The most contentious possible remedy is that of Statehood. Opinions of the population are divided, thanks to many years of seemingly broken promises, mismanagement and in many cases, extortion.
Previous successful endeavors to establish Puerto Rico as a corporate paradise with beneficial tax strategies have been dissolved, leaving her with an aging network of defunct warehouses, factories and industrial facilities without businesses to operate within. More recent efforts such as the Act 20 - 22 law do little to bring employers, instead attracting wealthy individuals seeking an "onshore" tax haven.

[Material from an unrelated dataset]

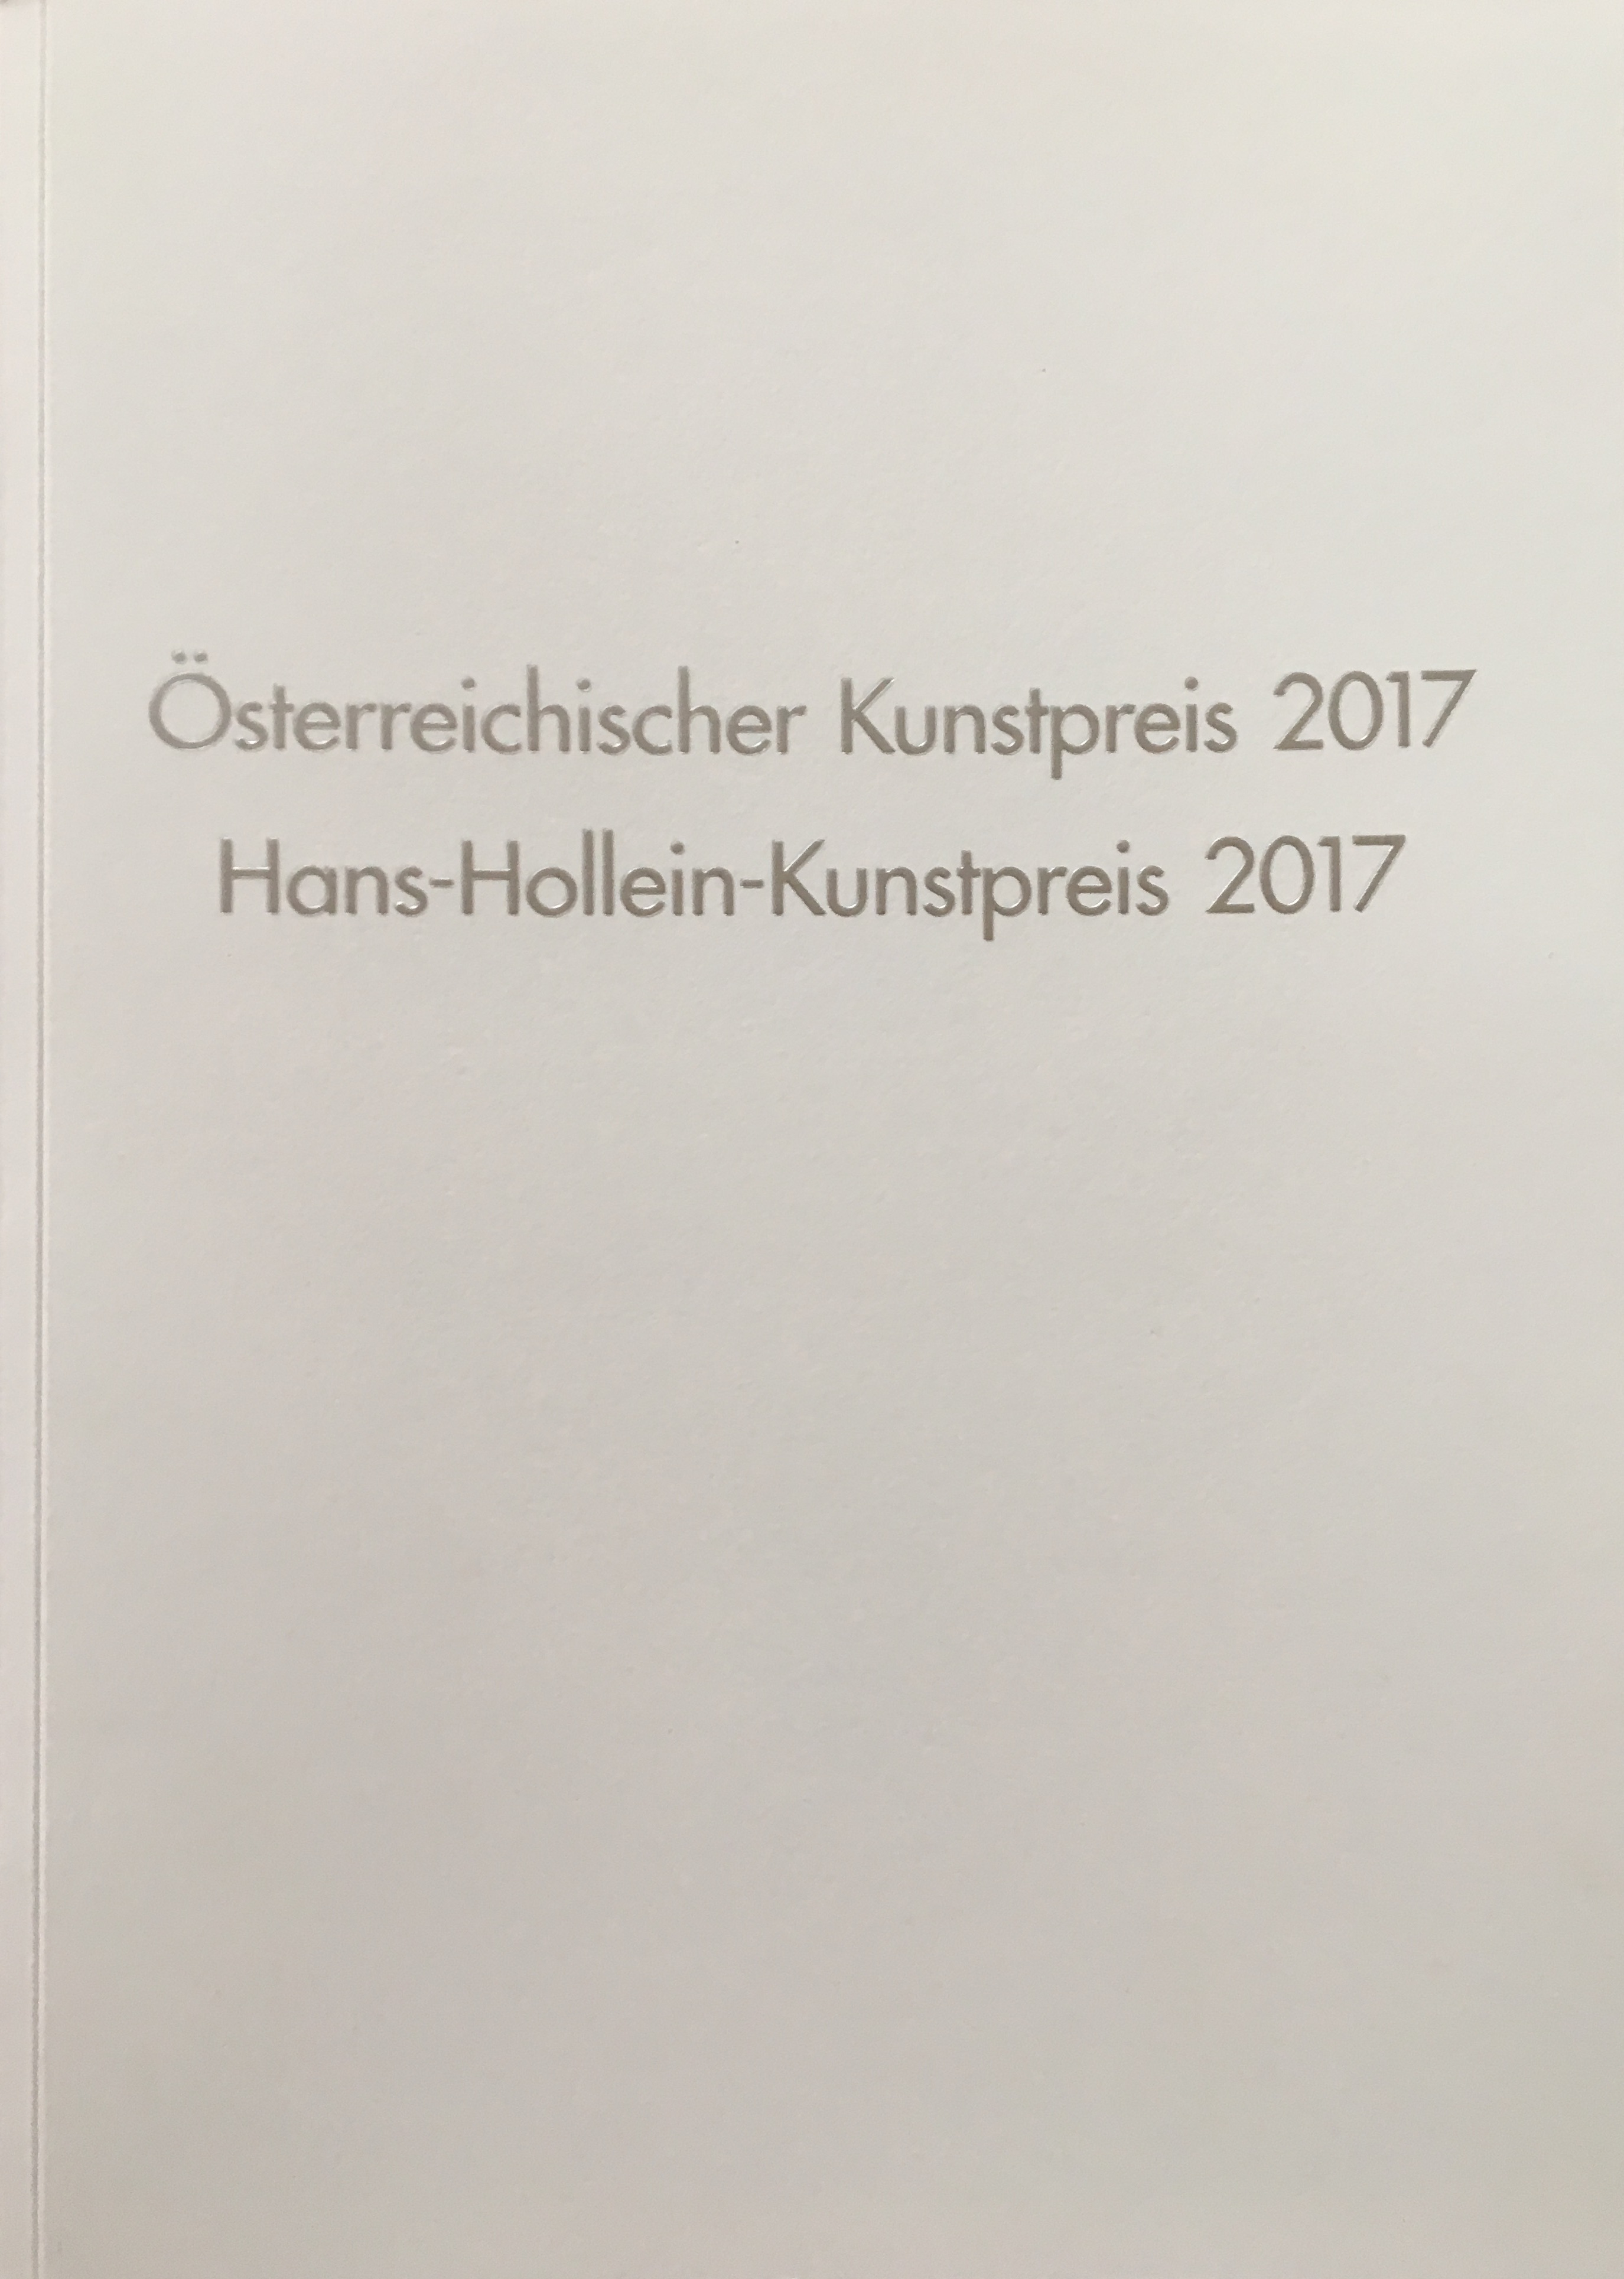 Österreichischer Kunstpreis 2017 | Hans-Hollein-Kunstpreis 2017

Meanwhile an increasing number of lower-middle income citizens leave the island for the perceived security of mainland USA, and since Maria the one remaining industry stronghold of tourism took a brutal hit as many vacationers opted for alternative locations. Whether Statehood or independence will prevail is a question that goes beyond partisan politics, beyond any one administration. Since before the turning of the 20th century Puerto Ricans have known first-hand the devastating effects a dictatorial regime can have, and even when they became the spoils of the Spanish-American war in 1898 and the United States took over with a more platonic hand, the end-result has left the island weakened, open to rampant corruption, without personal resource or the avenue to seek security beyond federal agencies. It is this half-hearted nature of US control that leaves many disillusioned by the opportunities for statehood, certainly with no official word or action in sight. On the other hand, could independence provide any kind of answer? With sprawling debt and skilled workers seeking economic refuge elsewhere, Puerto Rico is between a rock and an increasingly hard place.

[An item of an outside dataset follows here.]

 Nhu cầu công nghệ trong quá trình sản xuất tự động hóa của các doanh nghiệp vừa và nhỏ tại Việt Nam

Here after the breaking dawn of the 21st century, public opinion is a great asset. Communication and information is as impactful a weapon as any military can aim. Redfish Media is an organization dedicated to distributing these ideologies, to providing a platform for the unheard, the inconvenient, the lost and repressed.
The Forgotten Colony is a documentary produced by Redfish Media, with production service provided by CereProds. Redfish have a strong background in disruptive journalism, covering issues such as the crisis reportedly caused by Austerity measures in the UK and the Nambian quest for the return of native-land from their German colonizers dubbed Apartheit Continued.
Whether or not Puerto Rico becomes the 51st star on that flag of freedom, only time will tell.